-- Extracted data follows --

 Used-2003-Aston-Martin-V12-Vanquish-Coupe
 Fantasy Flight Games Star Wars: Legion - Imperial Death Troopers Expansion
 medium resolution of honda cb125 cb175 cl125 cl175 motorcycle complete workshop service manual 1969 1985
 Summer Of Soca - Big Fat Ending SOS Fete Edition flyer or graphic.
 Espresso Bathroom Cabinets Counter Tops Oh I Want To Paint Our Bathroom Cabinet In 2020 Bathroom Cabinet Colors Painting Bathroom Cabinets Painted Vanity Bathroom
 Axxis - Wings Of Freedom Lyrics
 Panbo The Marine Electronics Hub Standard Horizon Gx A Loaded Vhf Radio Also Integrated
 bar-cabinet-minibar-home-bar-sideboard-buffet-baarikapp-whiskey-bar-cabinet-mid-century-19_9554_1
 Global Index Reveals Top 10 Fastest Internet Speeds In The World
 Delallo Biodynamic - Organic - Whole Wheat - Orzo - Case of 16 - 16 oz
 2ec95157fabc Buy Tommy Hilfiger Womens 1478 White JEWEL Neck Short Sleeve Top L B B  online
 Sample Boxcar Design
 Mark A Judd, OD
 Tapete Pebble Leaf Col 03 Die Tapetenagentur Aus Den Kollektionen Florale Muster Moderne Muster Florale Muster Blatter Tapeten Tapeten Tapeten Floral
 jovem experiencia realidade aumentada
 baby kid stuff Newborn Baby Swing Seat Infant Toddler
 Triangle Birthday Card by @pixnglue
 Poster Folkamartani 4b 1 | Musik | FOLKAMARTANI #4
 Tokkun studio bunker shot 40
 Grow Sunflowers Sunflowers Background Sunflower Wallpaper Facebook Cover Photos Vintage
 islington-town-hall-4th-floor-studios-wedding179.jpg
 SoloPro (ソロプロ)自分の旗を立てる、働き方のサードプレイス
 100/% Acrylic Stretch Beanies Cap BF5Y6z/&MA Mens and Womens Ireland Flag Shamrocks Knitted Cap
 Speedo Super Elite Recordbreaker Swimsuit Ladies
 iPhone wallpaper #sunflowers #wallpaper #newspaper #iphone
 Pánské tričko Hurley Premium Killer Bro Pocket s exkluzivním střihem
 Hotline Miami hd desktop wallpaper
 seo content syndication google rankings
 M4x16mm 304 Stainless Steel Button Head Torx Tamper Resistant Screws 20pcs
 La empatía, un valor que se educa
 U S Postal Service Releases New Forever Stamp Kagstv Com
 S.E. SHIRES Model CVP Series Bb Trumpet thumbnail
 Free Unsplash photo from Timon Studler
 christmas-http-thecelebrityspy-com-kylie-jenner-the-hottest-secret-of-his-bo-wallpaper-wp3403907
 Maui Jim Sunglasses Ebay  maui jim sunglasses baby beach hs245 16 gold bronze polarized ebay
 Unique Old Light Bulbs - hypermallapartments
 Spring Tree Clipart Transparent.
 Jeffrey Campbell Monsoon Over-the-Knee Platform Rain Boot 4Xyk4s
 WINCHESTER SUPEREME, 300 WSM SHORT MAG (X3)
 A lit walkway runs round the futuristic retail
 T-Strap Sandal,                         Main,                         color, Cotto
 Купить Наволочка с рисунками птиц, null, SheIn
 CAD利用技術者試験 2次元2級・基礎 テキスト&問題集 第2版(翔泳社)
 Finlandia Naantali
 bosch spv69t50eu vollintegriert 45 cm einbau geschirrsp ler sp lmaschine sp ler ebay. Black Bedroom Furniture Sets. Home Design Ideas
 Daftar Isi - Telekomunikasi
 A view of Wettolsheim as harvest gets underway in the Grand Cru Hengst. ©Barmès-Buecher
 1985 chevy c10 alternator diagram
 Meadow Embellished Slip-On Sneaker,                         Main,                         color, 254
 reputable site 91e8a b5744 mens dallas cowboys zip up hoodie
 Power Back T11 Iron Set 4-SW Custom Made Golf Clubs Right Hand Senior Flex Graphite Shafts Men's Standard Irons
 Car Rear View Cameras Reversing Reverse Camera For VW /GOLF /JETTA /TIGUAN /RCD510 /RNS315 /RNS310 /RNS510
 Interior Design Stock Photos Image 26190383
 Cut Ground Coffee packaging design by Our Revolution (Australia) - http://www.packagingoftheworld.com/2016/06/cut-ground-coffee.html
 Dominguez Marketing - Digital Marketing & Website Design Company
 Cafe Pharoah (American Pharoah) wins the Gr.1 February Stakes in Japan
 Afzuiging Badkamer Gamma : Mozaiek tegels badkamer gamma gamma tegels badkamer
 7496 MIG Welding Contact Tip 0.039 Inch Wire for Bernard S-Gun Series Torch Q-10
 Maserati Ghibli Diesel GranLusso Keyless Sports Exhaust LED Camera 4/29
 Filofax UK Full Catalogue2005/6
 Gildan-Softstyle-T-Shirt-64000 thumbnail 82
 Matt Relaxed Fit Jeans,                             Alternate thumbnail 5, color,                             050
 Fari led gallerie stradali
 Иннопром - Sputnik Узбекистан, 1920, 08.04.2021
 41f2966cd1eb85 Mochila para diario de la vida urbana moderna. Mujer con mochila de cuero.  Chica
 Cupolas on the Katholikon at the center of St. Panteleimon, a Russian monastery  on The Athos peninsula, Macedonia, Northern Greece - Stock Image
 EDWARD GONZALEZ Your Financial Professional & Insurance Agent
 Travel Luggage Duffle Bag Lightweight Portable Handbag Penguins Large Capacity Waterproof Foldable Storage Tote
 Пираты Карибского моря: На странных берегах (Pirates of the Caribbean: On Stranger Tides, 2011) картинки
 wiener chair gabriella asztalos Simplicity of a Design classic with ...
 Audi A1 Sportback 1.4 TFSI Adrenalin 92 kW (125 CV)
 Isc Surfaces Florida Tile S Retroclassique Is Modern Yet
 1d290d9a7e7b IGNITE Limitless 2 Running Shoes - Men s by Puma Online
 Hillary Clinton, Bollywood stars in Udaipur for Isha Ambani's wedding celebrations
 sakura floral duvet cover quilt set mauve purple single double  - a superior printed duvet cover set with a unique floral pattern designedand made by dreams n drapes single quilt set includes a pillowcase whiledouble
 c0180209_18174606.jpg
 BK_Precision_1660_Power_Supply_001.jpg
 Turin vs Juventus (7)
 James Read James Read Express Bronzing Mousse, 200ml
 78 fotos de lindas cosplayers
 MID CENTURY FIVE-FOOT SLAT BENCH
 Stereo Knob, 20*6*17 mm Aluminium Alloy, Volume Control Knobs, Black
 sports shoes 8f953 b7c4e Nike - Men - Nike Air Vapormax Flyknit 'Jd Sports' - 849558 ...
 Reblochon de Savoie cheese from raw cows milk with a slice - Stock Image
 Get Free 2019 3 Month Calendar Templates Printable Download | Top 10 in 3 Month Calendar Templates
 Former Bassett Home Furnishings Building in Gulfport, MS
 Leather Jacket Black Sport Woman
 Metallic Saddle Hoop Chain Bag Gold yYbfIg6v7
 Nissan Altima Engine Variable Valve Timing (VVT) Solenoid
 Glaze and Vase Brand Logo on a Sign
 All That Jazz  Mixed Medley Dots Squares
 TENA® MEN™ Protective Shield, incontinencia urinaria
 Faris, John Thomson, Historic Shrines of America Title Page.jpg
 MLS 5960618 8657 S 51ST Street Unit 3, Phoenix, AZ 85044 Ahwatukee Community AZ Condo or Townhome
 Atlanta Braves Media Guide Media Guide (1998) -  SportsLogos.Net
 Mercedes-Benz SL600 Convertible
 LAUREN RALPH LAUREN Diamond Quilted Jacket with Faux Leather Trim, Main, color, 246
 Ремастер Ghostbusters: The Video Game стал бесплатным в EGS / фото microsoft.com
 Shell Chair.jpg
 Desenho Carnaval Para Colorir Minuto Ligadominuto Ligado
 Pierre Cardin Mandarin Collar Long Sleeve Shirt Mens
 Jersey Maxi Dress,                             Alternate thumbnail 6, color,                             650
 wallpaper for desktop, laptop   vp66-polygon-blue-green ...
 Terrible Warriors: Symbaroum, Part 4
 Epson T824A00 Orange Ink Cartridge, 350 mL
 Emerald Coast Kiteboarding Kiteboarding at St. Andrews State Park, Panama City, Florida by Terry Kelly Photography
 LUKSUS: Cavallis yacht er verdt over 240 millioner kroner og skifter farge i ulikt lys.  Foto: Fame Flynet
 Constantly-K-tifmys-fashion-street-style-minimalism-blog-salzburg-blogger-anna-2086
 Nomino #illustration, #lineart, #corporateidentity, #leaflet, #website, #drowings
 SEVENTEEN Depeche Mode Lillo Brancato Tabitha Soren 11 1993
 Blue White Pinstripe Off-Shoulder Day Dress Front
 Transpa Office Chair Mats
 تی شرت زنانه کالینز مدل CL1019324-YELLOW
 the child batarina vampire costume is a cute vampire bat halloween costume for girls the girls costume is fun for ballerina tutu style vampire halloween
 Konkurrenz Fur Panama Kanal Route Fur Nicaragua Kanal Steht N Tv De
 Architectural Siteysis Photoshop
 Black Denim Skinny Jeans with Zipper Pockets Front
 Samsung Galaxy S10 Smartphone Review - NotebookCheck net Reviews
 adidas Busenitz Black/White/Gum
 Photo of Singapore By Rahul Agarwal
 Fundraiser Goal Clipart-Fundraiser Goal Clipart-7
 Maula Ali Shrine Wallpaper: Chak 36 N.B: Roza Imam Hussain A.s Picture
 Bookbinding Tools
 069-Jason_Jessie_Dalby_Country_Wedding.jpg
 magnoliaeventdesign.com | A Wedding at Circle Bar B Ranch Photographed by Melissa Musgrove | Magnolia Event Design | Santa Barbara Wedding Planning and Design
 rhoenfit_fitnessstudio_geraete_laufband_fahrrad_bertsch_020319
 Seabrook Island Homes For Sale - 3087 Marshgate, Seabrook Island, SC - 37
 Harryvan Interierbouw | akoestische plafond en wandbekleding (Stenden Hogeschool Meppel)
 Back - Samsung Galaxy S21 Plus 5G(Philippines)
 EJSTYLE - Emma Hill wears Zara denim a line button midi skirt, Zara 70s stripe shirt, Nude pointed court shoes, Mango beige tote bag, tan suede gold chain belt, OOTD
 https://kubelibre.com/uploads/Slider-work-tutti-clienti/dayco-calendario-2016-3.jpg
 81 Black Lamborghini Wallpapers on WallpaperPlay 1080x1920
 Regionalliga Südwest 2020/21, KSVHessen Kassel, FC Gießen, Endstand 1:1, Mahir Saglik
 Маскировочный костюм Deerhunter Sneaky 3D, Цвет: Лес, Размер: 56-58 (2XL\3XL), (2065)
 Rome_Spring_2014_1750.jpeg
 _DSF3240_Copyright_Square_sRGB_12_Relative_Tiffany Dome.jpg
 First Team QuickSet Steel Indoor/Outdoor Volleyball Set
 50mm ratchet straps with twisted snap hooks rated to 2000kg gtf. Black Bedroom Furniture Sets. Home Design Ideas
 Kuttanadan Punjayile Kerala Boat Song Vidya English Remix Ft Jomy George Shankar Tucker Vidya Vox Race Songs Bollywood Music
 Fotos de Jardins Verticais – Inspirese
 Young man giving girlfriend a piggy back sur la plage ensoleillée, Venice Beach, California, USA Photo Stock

-- Extracted data concluded --

**What you need to do:** Reproduce each line of the records in which the string "Alternate" appears.

**Written reply:**
 Matt Relaxed Fit Jeans,                             Alternate thumbnail 5, color,                             050
 Jersey Maxi Dress,                             Alternate thumbnail 6, color,                             650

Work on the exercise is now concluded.